[Your instructions] Below are records with pictures. Transcribe exactly, and only, the lines from the line with "Noxion LED Panel" to the line with "Call Of Duty", both ends included, but not the pictures.

[Data supplied]
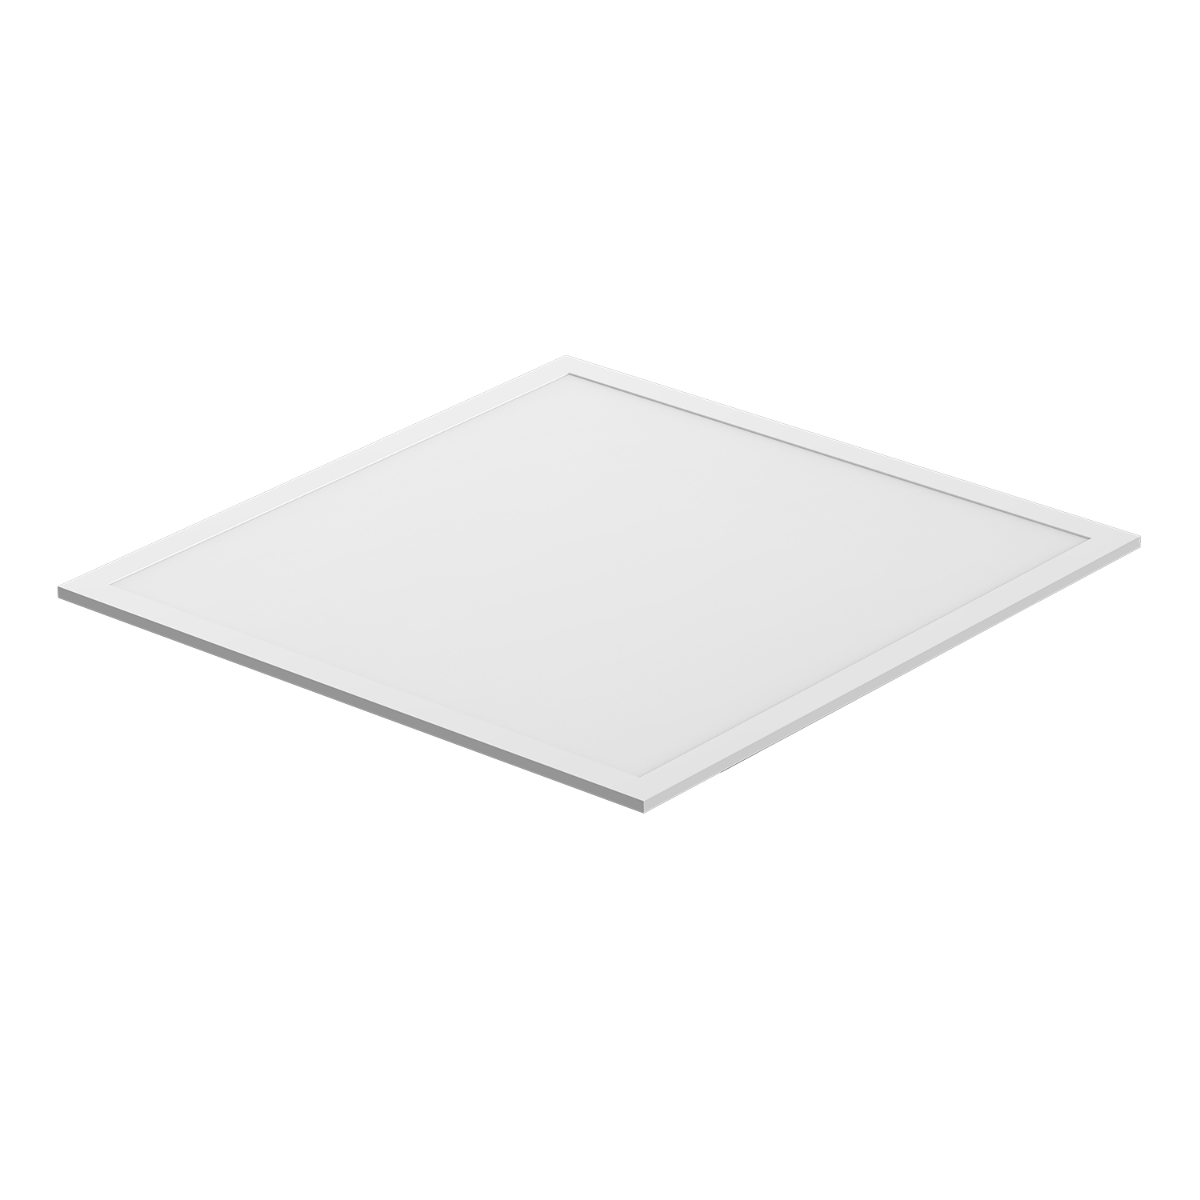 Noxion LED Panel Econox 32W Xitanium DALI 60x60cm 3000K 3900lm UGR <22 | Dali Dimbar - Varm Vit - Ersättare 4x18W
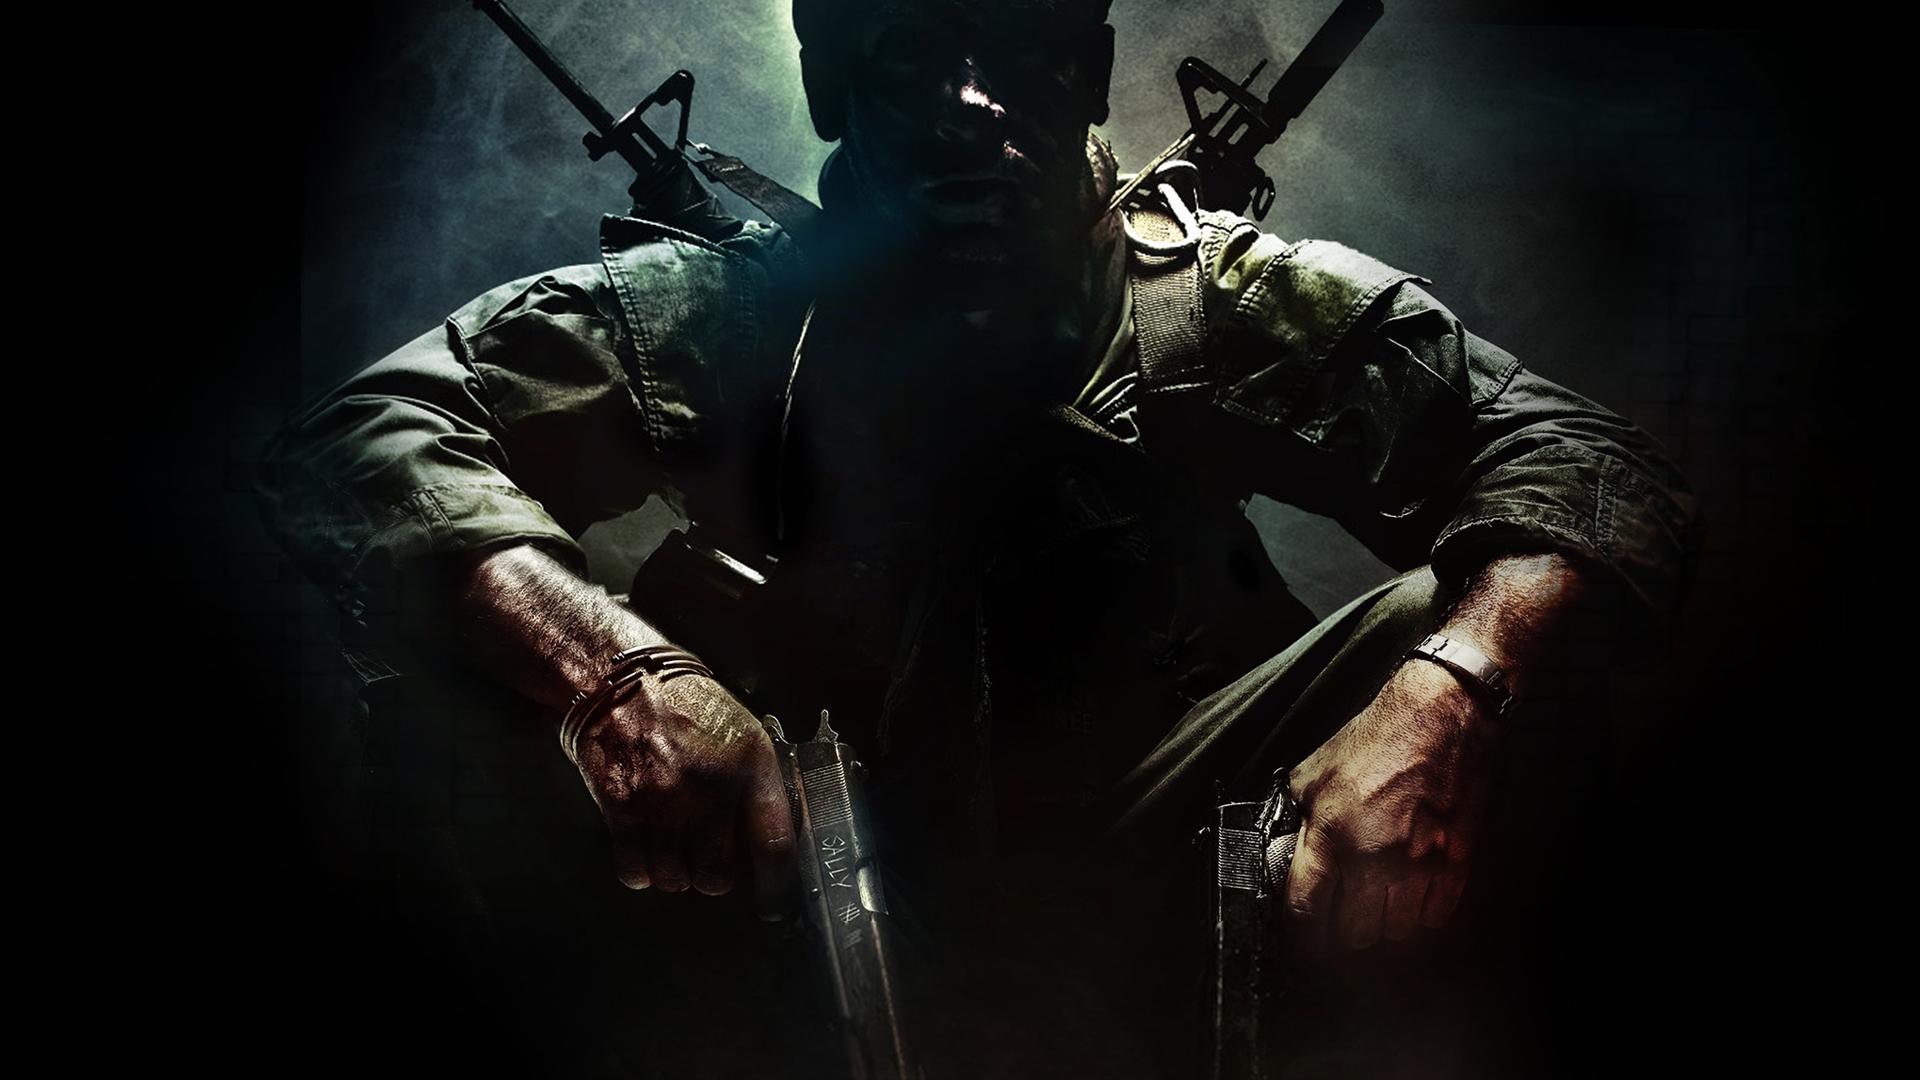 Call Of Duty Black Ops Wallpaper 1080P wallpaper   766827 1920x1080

---

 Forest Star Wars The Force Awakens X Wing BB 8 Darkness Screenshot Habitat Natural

[Answer to the problem]
 Noxion LED Panel Econox 32W Xitanium DALI 60x60cm 3000K 3900lm UGR <22 | Dali Dimbar - Varm Vit - Ersättare 4x18W
 Call Of Duty Black Ops Wallpaper 1080P wallpaper   766827 1920x1080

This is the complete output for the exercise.